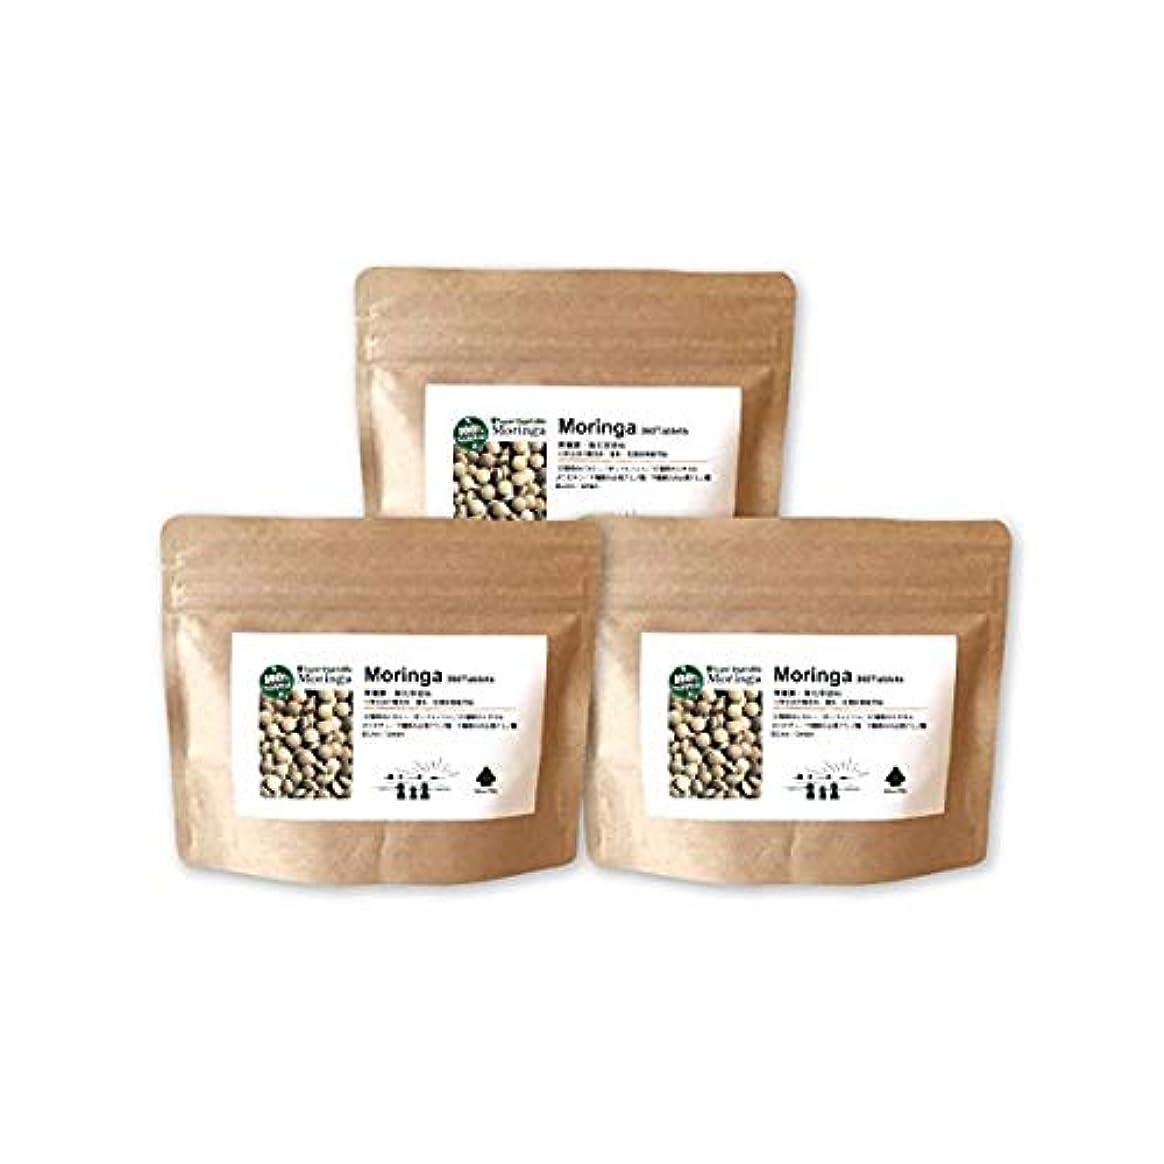 世辞間隔複雑なモリンガ粒(3個セット) 沖縄産の無農薬?無化学肥料栽培モリンガ葉使用
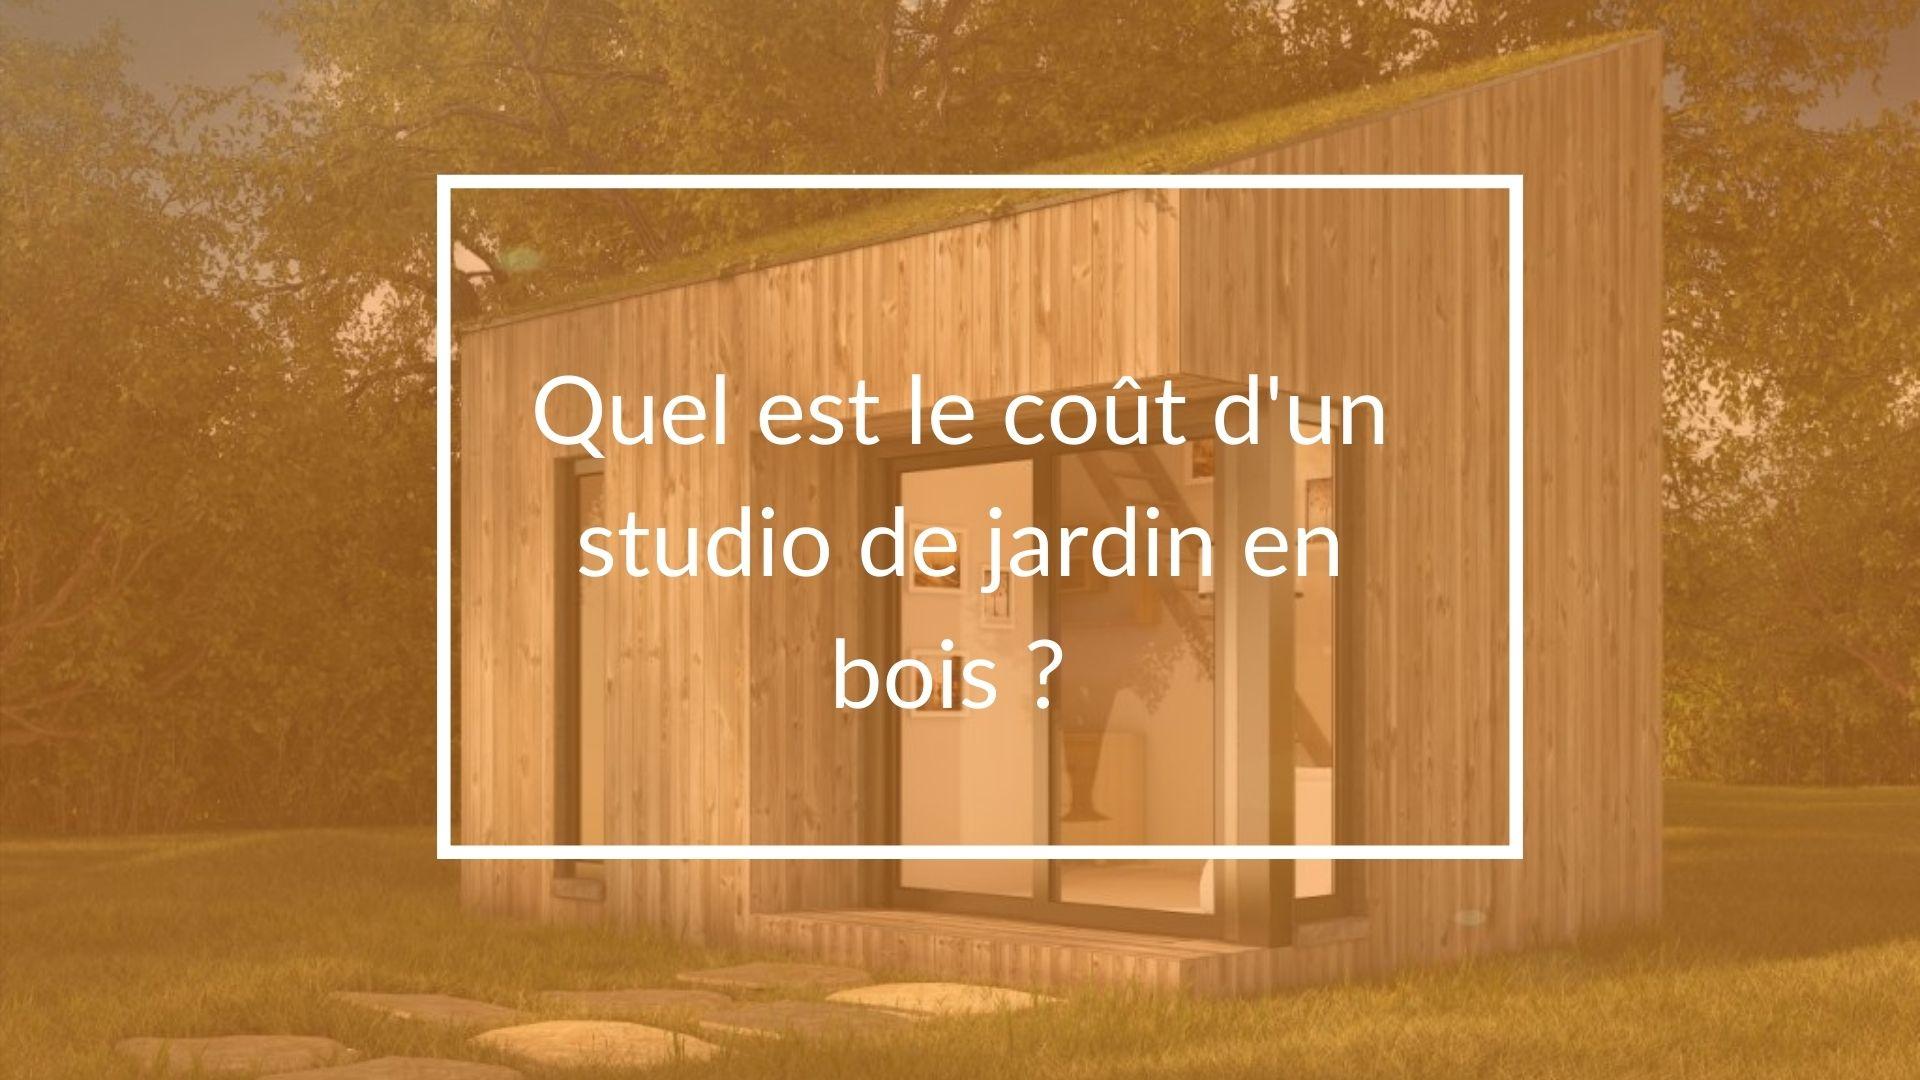 Quel est le coût d'un studio de jardin en bois ?
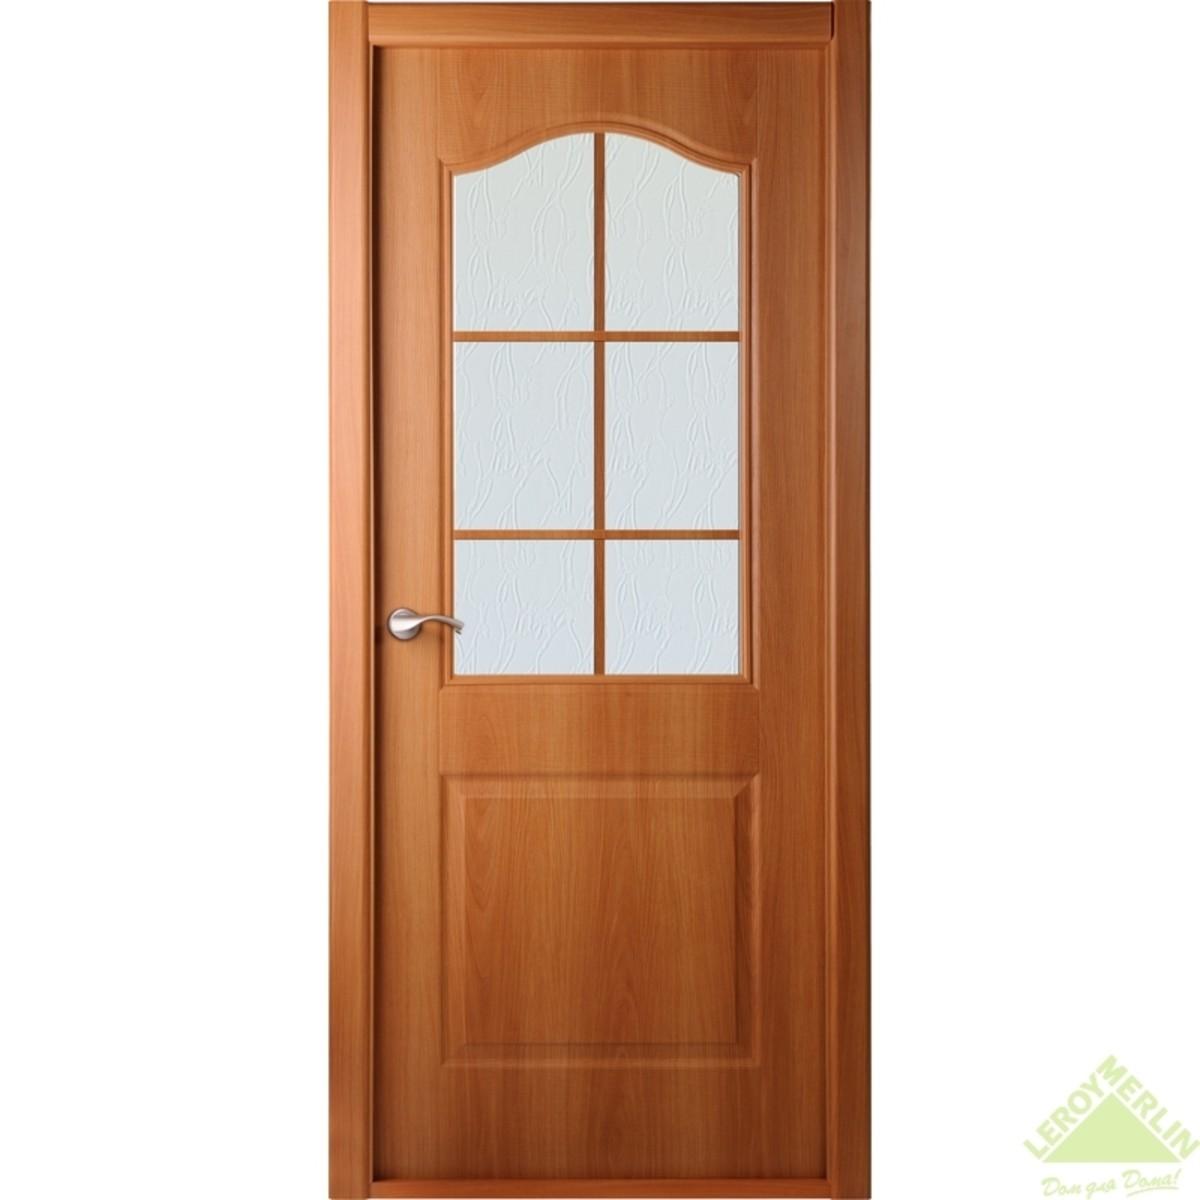 Дверь Межкомнатная Остеклённая Капричеза 800x2000 Миланский Орех
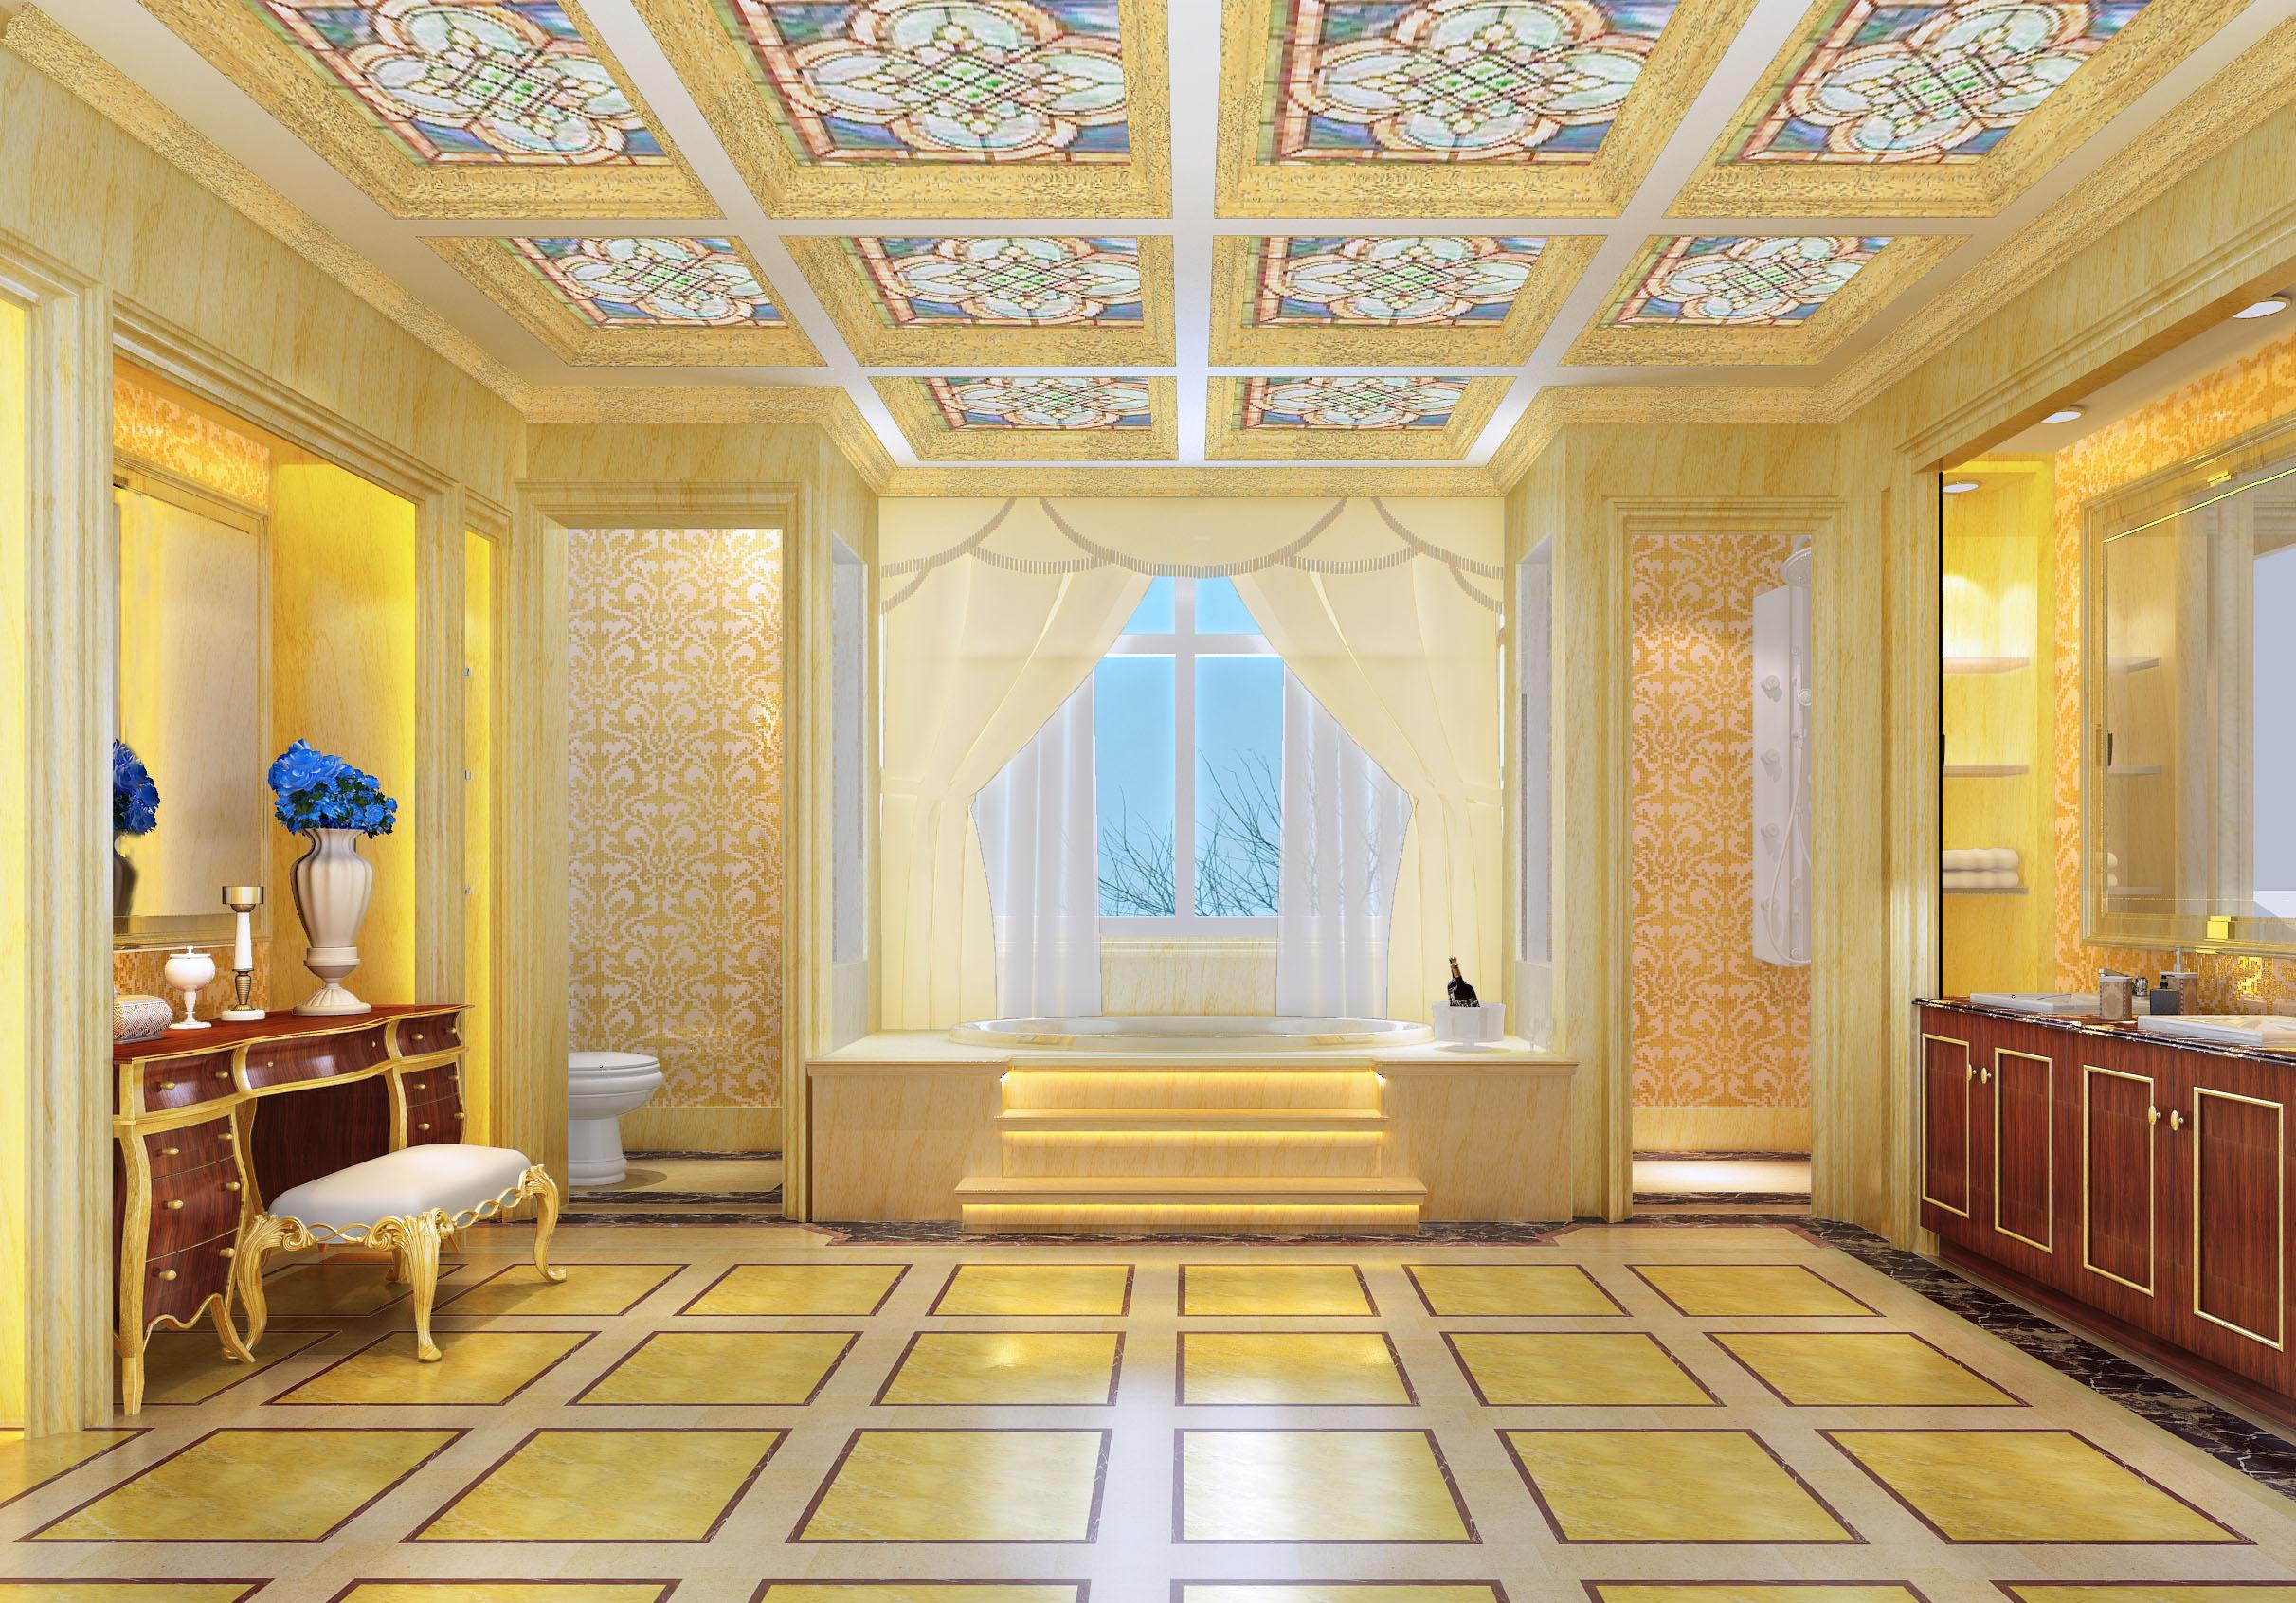 欧式 别墅 蓝色 金色 童话 大门厅 法式 卫生间图片来自尚层装饰大林在格拉斯小镇--浅色的梦的分享

■ ■ ■ ■ ■ ■ ■

** Task objective **
An exact transcript is required, covering the lines from the one containing "Дверь Межкомнатная Остеклённая" through the end of the listing above, inclusive, without pictures.

** Reply to the exercise **
 Дверь Межкомнатная Остеклённая Капричеза 800x2000 Миланский Орех
 欧式 别墅 蓝色 金色 童话 大门厅 法式 卫生间图片来自尚层装饰大林在格拉斯小镇--浅色的梦的分享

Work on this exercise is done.